# silverbow farm cornwall . jan 2013



## muppet (Mar 24, 2013)

bit of an odd one this when I first spotted this it looked like it was still being built
not much left inside from what I can tell it was a bed and breakfast 
anyway on with the pics




































thanks for looking


----------



## HughieD (Apr 5, 2013)

Very strange. Strange to see a new house in this stage. Wonder how it came to be in this state.


----------



## gingrove (Apr 5, 2013)

Maybe the planners decided that they didn't like the extension on the back? just a guess


----------



## muppet (Apr 5, 2013)

I did try to find out why the house is in this state but no luck


----------



## UrbanX (Apr 5, 2013)

Lol, looks mint from the front! Love it!

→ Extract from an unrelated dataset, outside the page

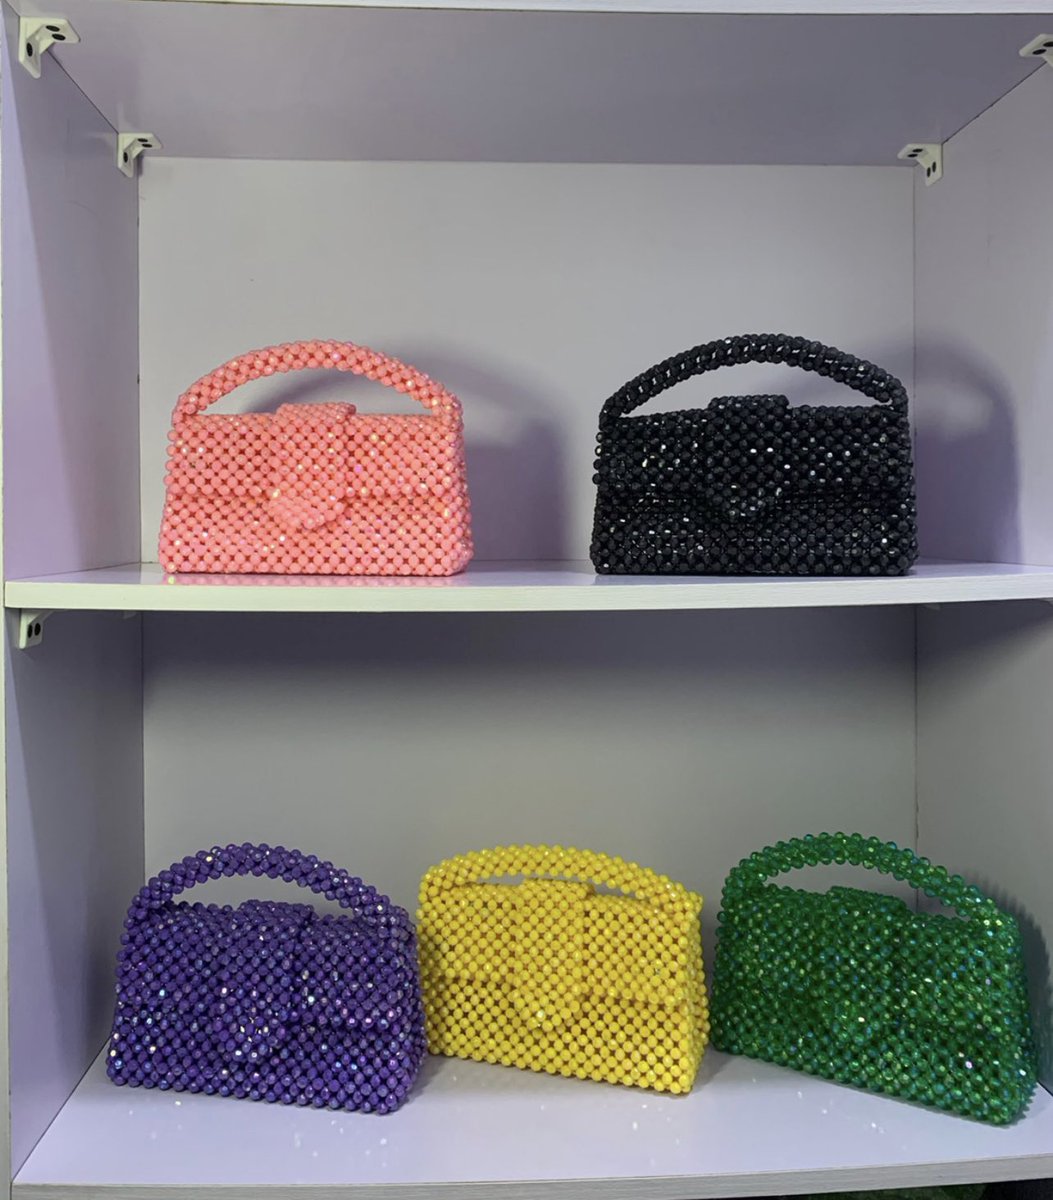 Which of this beads bag color can you rock??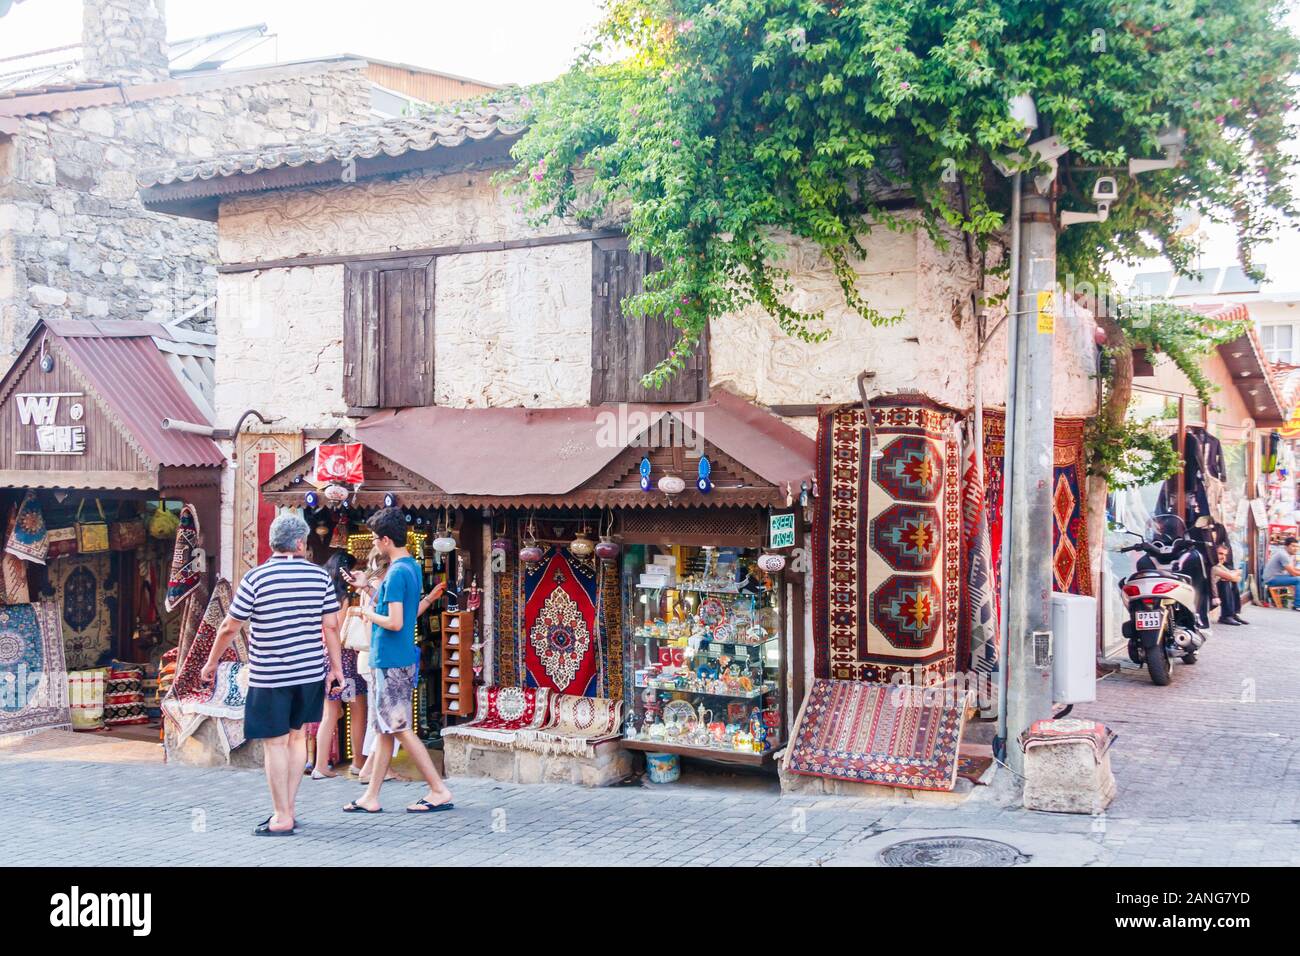 Side, Turkey - September 9th 2011: Tourists walking past a shop selling souvenirs and carpets. The town is a popular tourist destination. Stock Photo

Cheers for sharing


----------



## Scaramanger (Apr 7, 2013)

Totally bizzarre


----------



## Bones out (Apr 11, 2013)

Maybe Michael Carroll had it?


----------



## astraboy21 (Apr 15, 2013)

where abouts is the location , looks like alot of land with the property , would love to know more about it


----------



## PositiveSmile (Apr 21, 2013)

muppet said:


> bit of an odd one this when I first spotted this it looked like it was still being built
> not much left inside from what I can tell it was a bed and breakfast
> anyway on with the pics
> 
> ...




Hello there, I am new to this website , Where about in Cornwall is this house ? your right it looks like is still being build, but at the same time it looks like it is falling down thank you ,


----------



## flyboys90 (Apr 22, 2013)

Strange,whats going on??


----------



## muppet (Apr 22, 2013)

flyboys90 said:


> Strange,whats going on??



tis an odd one I couldn't find anything about it


----------



## Scaramanger (Jul 18, 2013)

Mystery explained http://www.express.co.uk/news/uk/40...-destroying-his-former-home-with-a-JCB-digger

Think they have even stolen your pics...


----------



## muppet (Jul 18, 2013)

need to send them a bill me thinks


----------



## UrbanVisitor (Jul 30, 2013)

Awesome find!


----------



## LazzaB (Sep 6, 2013)

I don't get the ironing board on the landing - must have power to the property!


----------